A few times I have seen eSATA be shared with one of the internal ports so you could only use one at the time, but that only explains a few of them problems.

I got a card, not sure where from, which you connect an internal port to, and your PSU, and on the outside you have a SATA port (not eSATA) and a molex connector, best solution really imo, can plug in external enclosures and bare drives you need to test.

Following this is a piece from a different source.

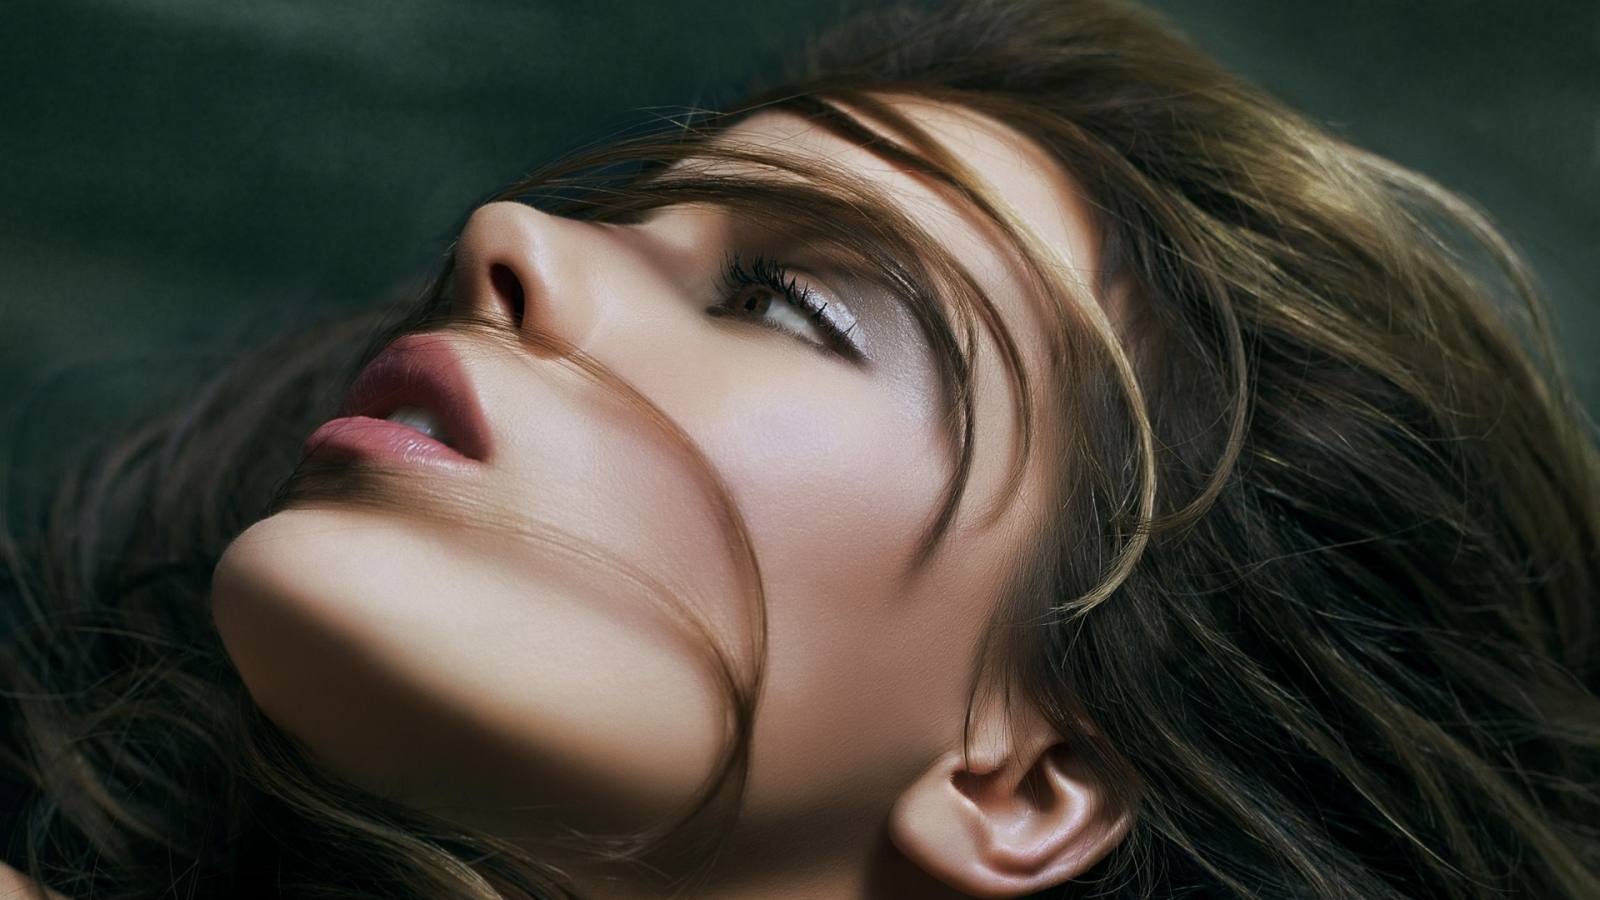 Kate Beckinsale Glamorous for 1600 x 900 HDTV resolution

Unless you want to use a "long" cable for some reason (one of the reasons for esata appraently), though this is still pretty short compared to firewire/usb
 
I have a Sharkoon SATA Quickport Pro on an A8N32-SLI DLX which is great on the whole, but it definitely seems to not like having the eSATA cable hot plugged or running without the USB plugged in as well.
 
You have to do a fresh install with AHCI set up first. I had no end of problems trying to get eSata working on 2 boards until I did this and hey presto
 
Typical. I was just bitching about eSATA connections to my missus and said 'watch this...', plugging the MyBook in and waiting for the inevitable BlueScreen. Nothing. 'Well Vista has probably just ignored it then' sez me, opening up explorer and... there it is, listed as proudly as you like and fully accessible. 'What's wrong with that then, shouldn't it be there?' she says. You just can't win.
 
I've got one of them.

Works perfectly over FW800/400/USB2 and eSATA using my MBP/10.5.5

Although the connection on my 500Gb WD eSATA thing is ****, keeps falling out. eSATA is a appalling design. :(

Although they all max out my HDs, inc a 74Gb Raptor, so im happy *shrug*
 
should this be possible.

i dont have a esata port on motherboard so got myself a sata to esata cable came straight from motherboard sata to dock but could never get it to recognise hdd always thought it was wrong so only used usb.

cheers.
 
eSata is pointless, if it could carry the power I would see the point. Oh yeah and if it worked... LOL

eSATAp does indeed carry power, since it's a hybrid of the original eSATA interface and USB.

I've never tried using it simply because I've never had a device to use it with, although my machines have the ports available. With regards to the BSODs, have you considered trying using the ports off something like a bootable Linux disc, in order to identify if the problem potentially lies with hardware or with Windows?